Lessons from Neuroscience for the Machine Learning Community in 2018
The field of machine learning (ML) is rapidly evolving, but it is not without common misconceptions. As of early 2018, several key aspects of the ML community were still plagued by outdated beliefs and practices. The purpose of this article is to provide insights from the recent meeting of the European Institute of Theoretical Neuroscience, which highlighted important lessons for the ML community.
The Technical Challenges and Realities in Machine Learning
Machine learning is often perceived as a mathematical endeavor, but this misconception is far from the truth. In reality, it is more about programming and data handling. Andrew Ng, a prominent figure in the field, echoed this sentiment: The model and the code for many applications are basically a solved problem. Now that the models have advanced to a certain point, we got to make the data work as well.
The majority of the job involves data sourcing and data cleansing, which is a more tedious process than model building. For structured data, classification and regression problems are frequently tackled with gradient boosting techniques such as XGBoost. As a machine learning engineer, this knowledge is invaluable and can help you stand out in the job market.
Biased Perspectives: From Paris to San Francisco
The author reflects on a recent meeting in Paris about Machine Intelligence Meets Neuroscience: What Can MI Learn from Neuroscience. Three key lessons emerged from the discussions:
1. Feedforward Limitations in Machine Learning
Neural networks in biology often use feedback mechanisms, which are crucial for interpreting data. This feedback provides a more comprehensive understanding of the context. Multi-input information theory could offer new insights into how feedback mechanisms work in biological systems.

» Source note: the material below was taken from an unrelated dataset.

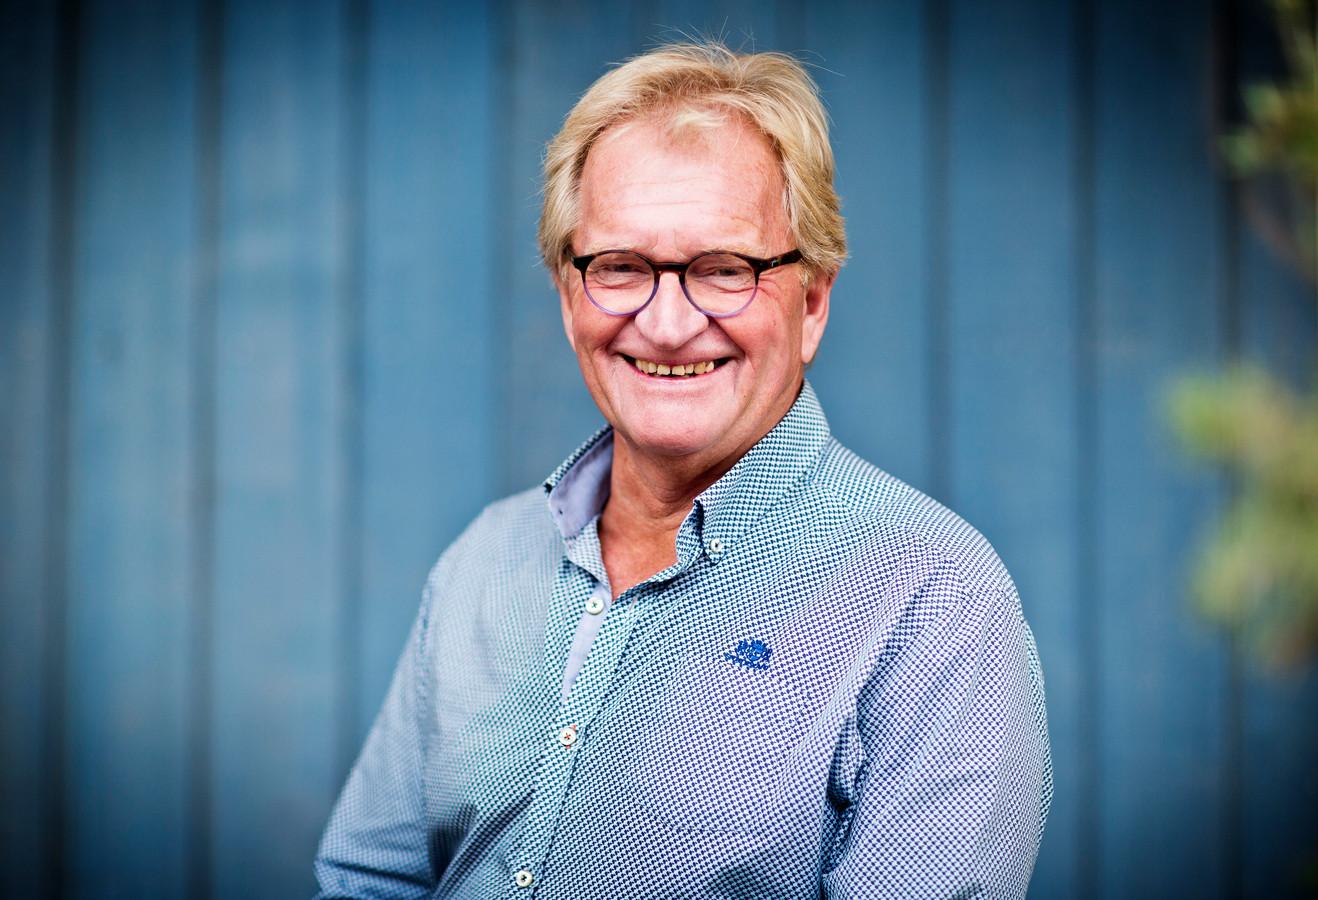 Hans de Boer, van 2014 tot september 2020 voorzitter van VNO-NCW, overleed op 18 januari aan de gevolgen van een hersenbloeding.

2. Determinism and Algorithmic Computing
Biology defies determinism, as nothing in it is truly deterministic. Algorithmic computing, which underpins much of current machine learning, is thus limited when applied to real-world scenarios. Biological systems, on the other hand, use complex, non-deterministic processes that are not well-captured by current models.
3. Learning and Development in Biological Systems
Biological learning systems evolve over both evolutionary and developmental timescales. This means that systems designed with fixed architectures may not be suitable for all situations, particularly those that require adaptability like animals facing unforeseeable circumstances. Machine learning models might benefit from more flexible, development-oriented approaches.
4. The Utility of Spiking Neurons
Biological neural networks often use spiking neurons for efficient information coding. This can help reduce power consumption, which is particularly important for silicon-based systems. Spiking neurons also offer a more rapid and efficient way of coding information.
5. Locality of Learning Rules
Modern versions of back-propagation (BP) are non-local, whereas early versions were local. The biological system might be able to leverage faster, local learning rules combined with slower, non-local rules for tasks that require a balance between speed and accuracy.
6. Neuromorphic Systems and Memristor Technology
Neuromorphic systems are designed to mimic the structure and function of biological neurons. There are two types of neuromorphic systems: Spinnaker, a parallel digital computer, and FACETS-based analogue neural network systems. These systems can provide new design spaces for machine learning, although implementing new neuromorphic chips remains challenging.
To conclude, the insights from the meeting indicate that there are many possibilities for machine learning to learn from neuroscience. However, it is challenging to predict which will be most useful in the long term. The future of autonomous thinking machines from the blend of machine learning and neuroscience remains a distant dream, but it is an exciting area with immense potential.
For those serious about learning machine learning, the job prospects and salaries are promising. However, the barrier to entry is high, and only a determined few will succeed. This article aims to inspire and inform those in the ML community, providing a realistic yet optimistic view of the field's future.